Antonio Paolucci (born 29 September 1939) is an Italian art historian and curator. In 2007 he was appointed director of the Vatican Museums by Pope Benedict XVI, a post he held until 2017 when he was replaced by his former deputy, Barbara Jatta. Throughout his career Paolucci has worked also in Florence, Venice, Verona, Mantua and other Italian cities in national art and cultural institutions. He has written many books and articles on art history and made television appearances on a variety of programs to explain and promote art. He is the recipient of numerous awards for his work.

Early life
Antonio Paolucci was born in Rimini. His father was an antiques dealer, and Paolucci's passion for art began through his handling of antique objects found in his father's shop. He studied art history in Florence under Roberto Longhi and graduated in 1964. In 1963, before graduating, he began teaching art history to middle school students in Signa. This experience had a marked effect on his future, as he learned how to capture his students' attention and confirmed for him that complex ideas and concepts could be explained in accessible terms.
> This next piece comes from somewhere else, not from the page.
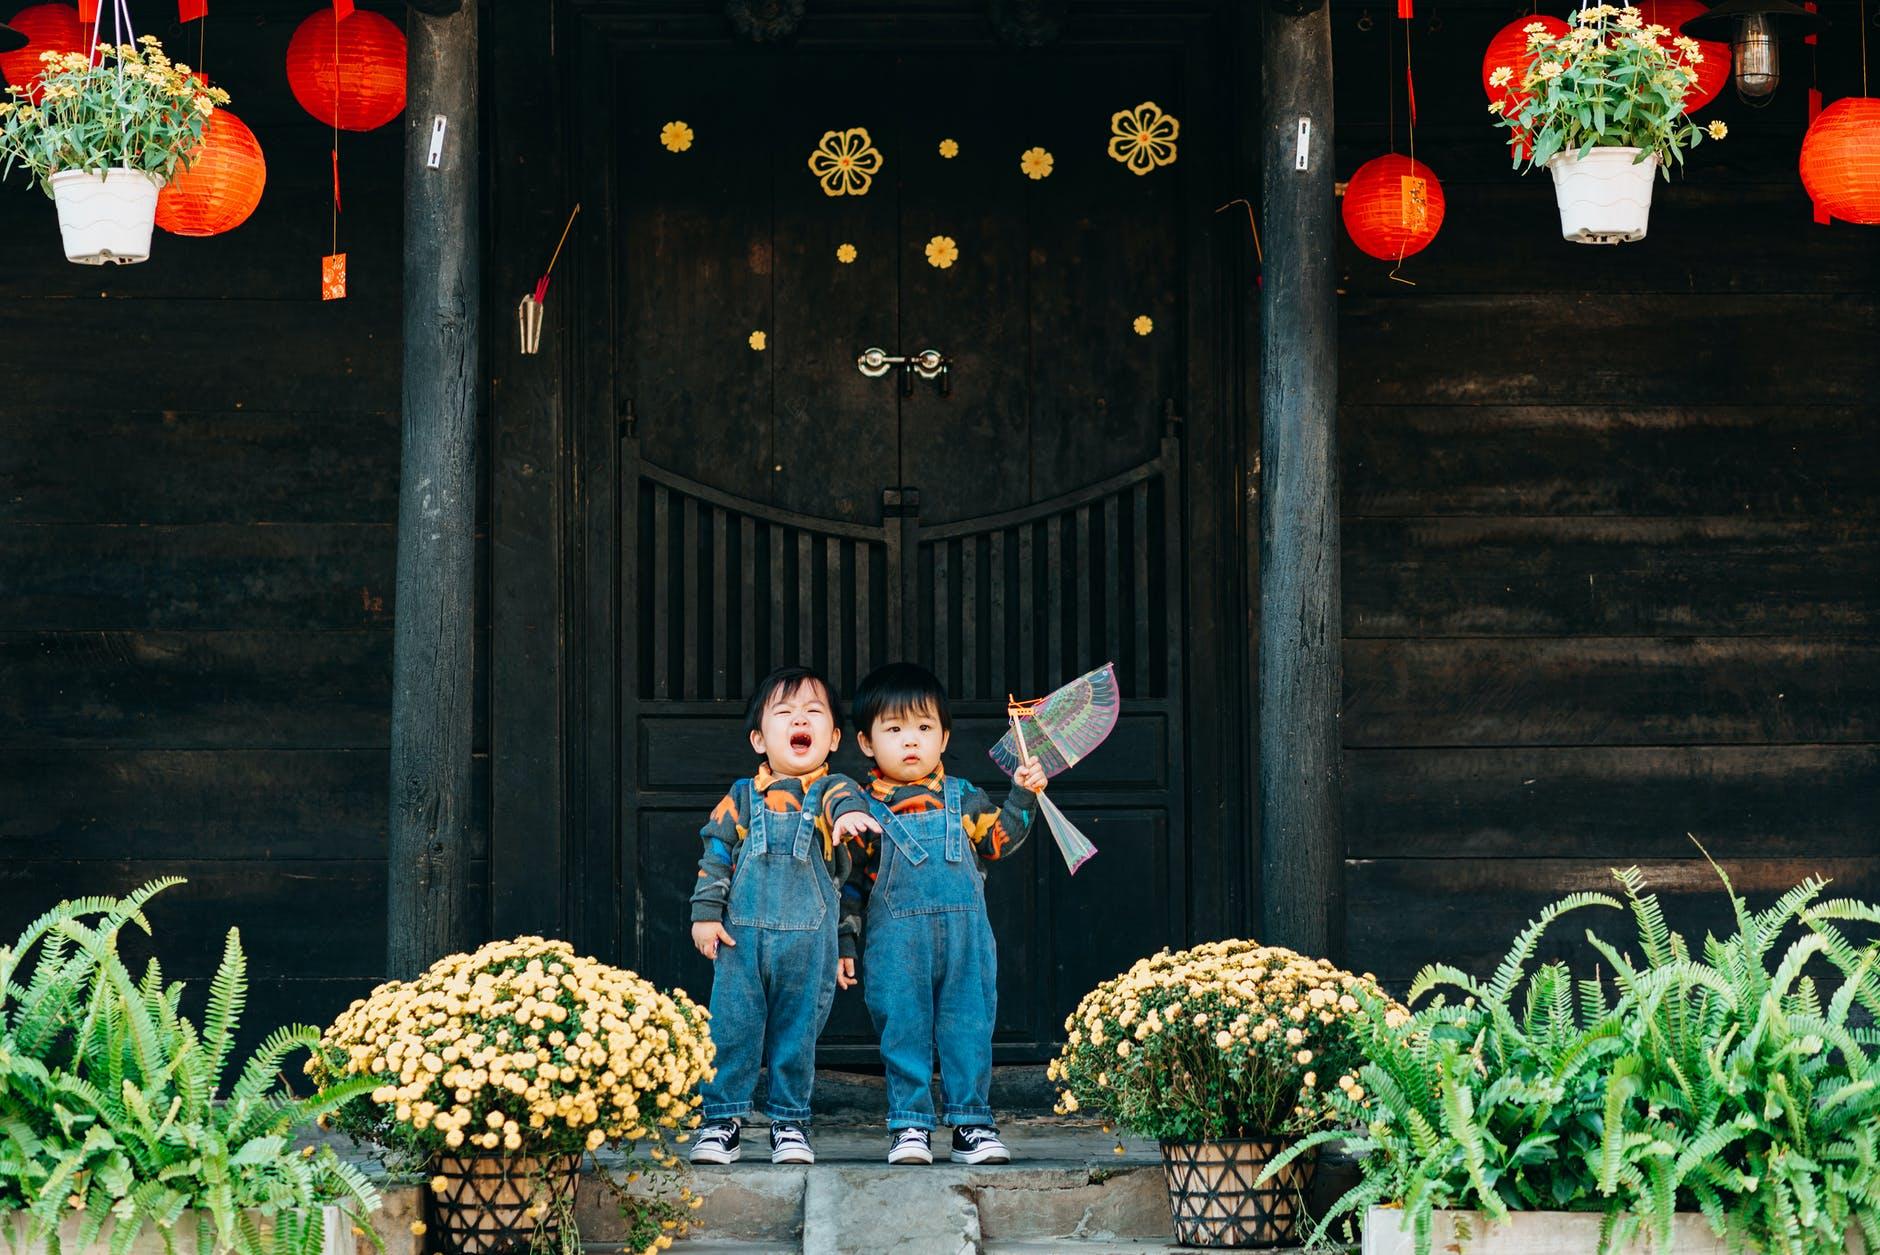 children wearing denim jumpers

He has also taught at other institutions including the University of Florence and the University of Siena.

Professional career
Paolucci's first job as a supervisor was in 1968 at the National Museum of Bargello in Florence. He began working for the Soprintendenza per i Beni Culturali for Venice in 1969 and continued there until 1980. After working for the Mantova-Brescia-Cremona region from 1984-1986, he moved to the Department of Artistic Affairs of Tuscany in 1988. Prior to becoming director of the Vatican Museums, Paolucci was, for nearly twenty years, the superintendent of the Polo Museale Fiorentino as well as the director general for cultural heritage in Tuscany. His responsibilities included overseeing sites in Florence such as the Uffizi Gallery, the Pitti Palace, the Boboli Gardens, and the Workshop of Precious Stones (for which he was the director from 1986 to 1988), along with many other sites of significant artistic heritage. He also held the position of Minister of Cultural Heritage from January 1995 to May 1996 under the technical government of Lamberto Dini. Paolucci was appointed the extraordinary commissioner for the restoration of the Basilica of Saint Francis after the earthquake that struck on 26 September 1997 caused considerable damage to the patrimony of the basilica.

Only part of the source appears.